The material below holds the lines to copy: from the one with "All Parties Conference" up to and including the one with "8400 Winterthur - Euregio". Copy them exactly and skip the pictures.

=== Input data ===
§ §

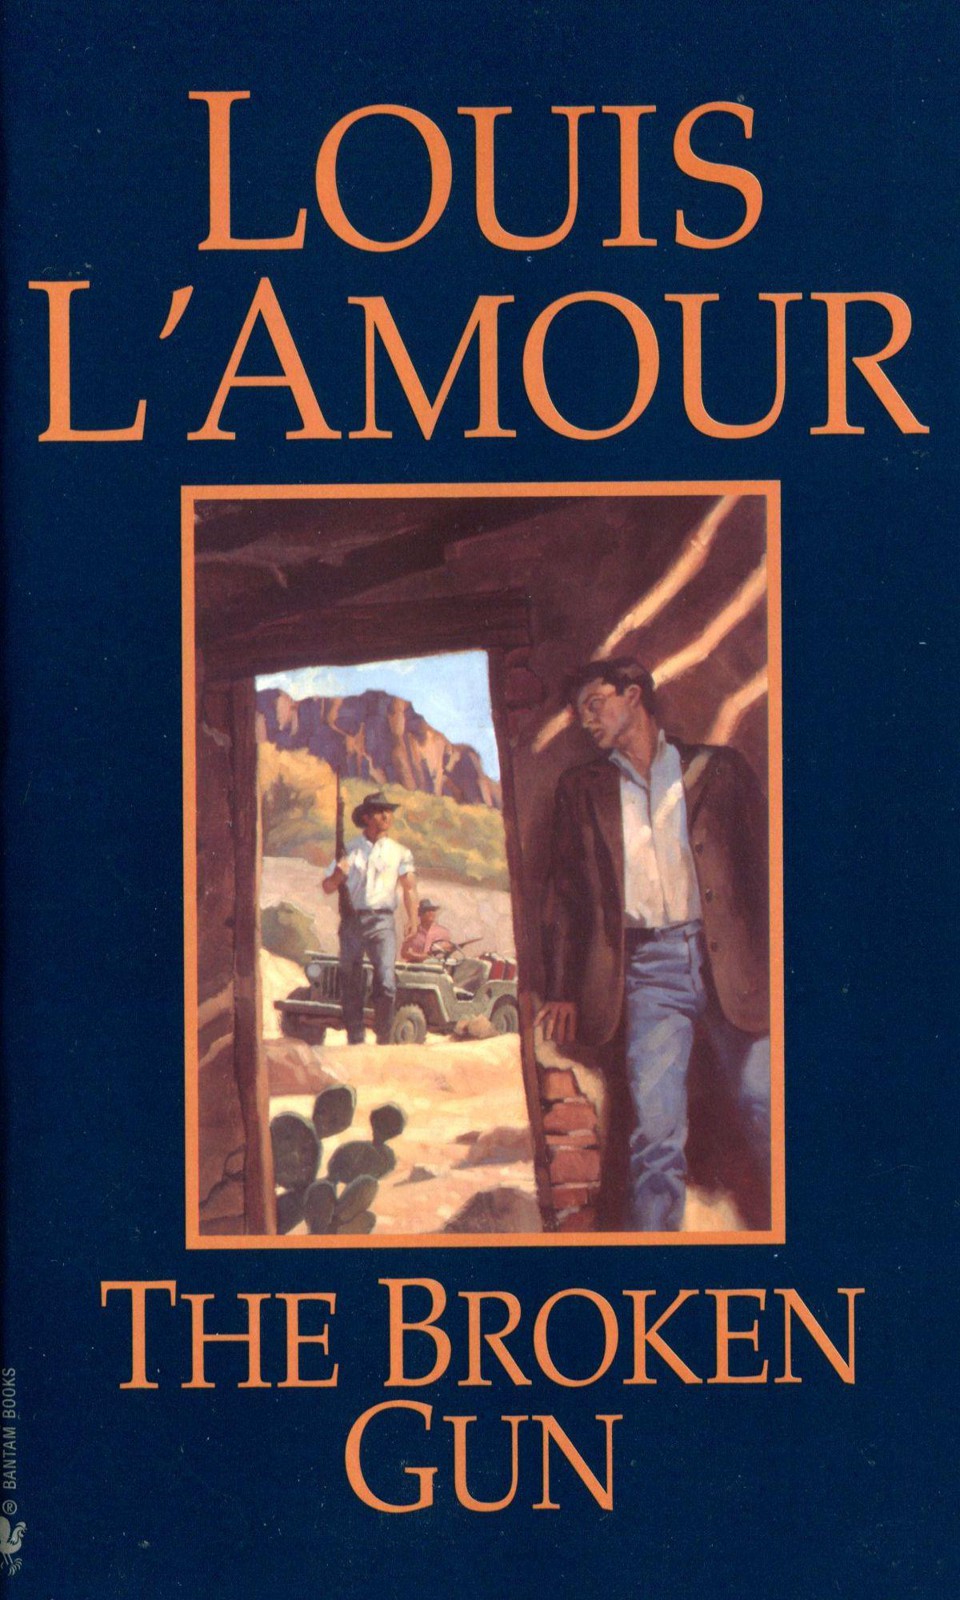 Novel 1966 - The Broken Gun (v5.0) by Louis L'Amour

§ §

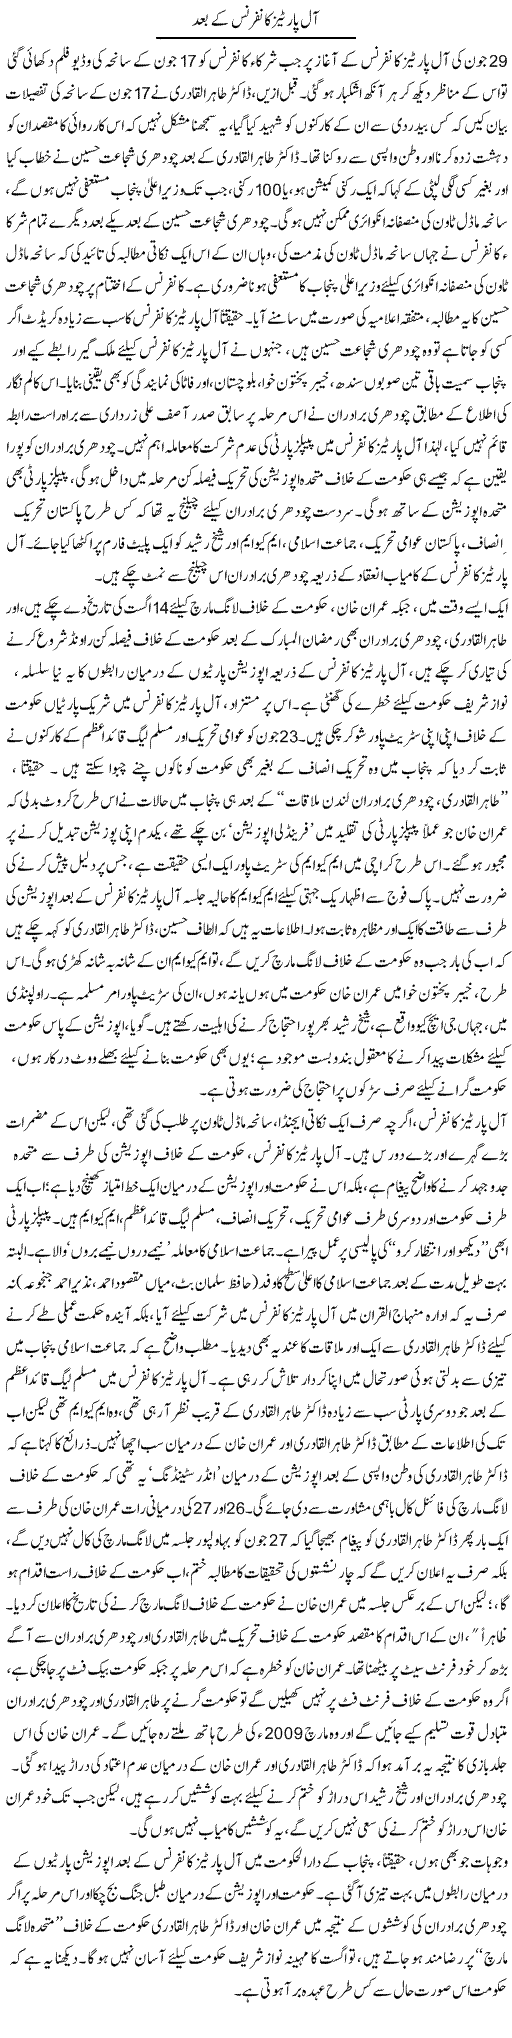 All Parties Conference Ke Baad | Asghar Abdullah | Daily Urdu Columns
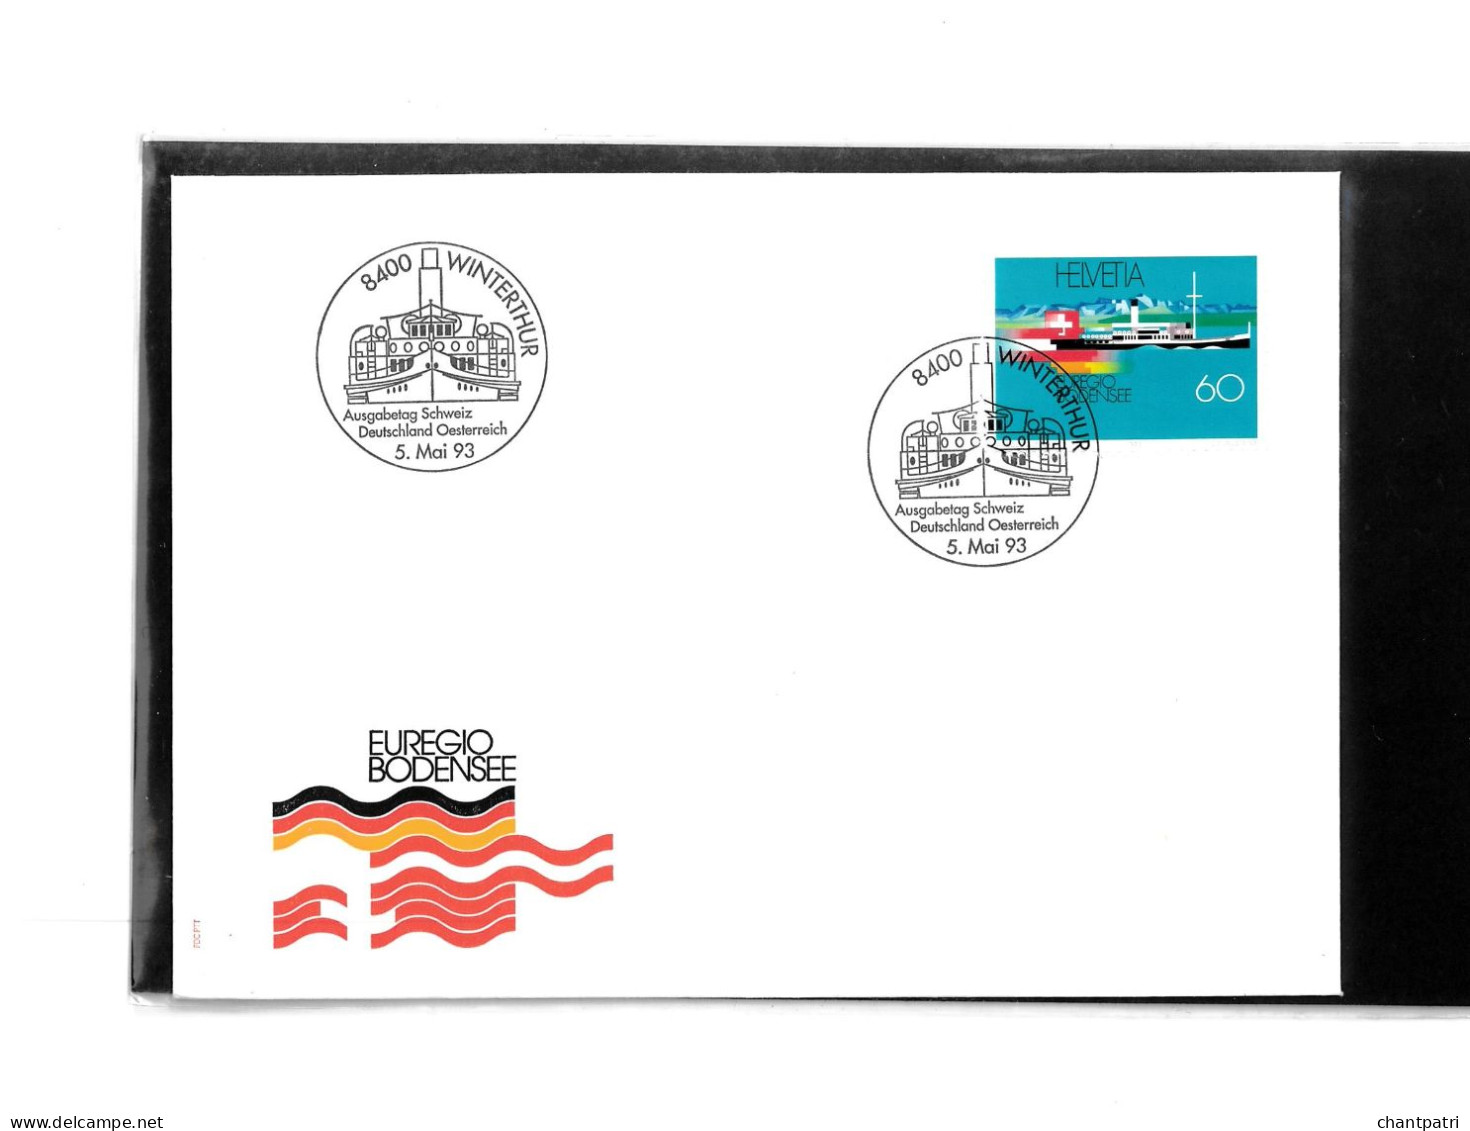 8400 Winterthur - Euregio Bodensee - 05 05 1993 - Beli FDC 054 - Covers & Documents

§ §

=== Task output ===
 All Parties Conference Ke Baad | Asghar Abdullah | Daily Urdu Columns
 8400 Winterthur - Euregio Bodensee - 05 05 1993 - Beli FDC 054 - Covers & Documents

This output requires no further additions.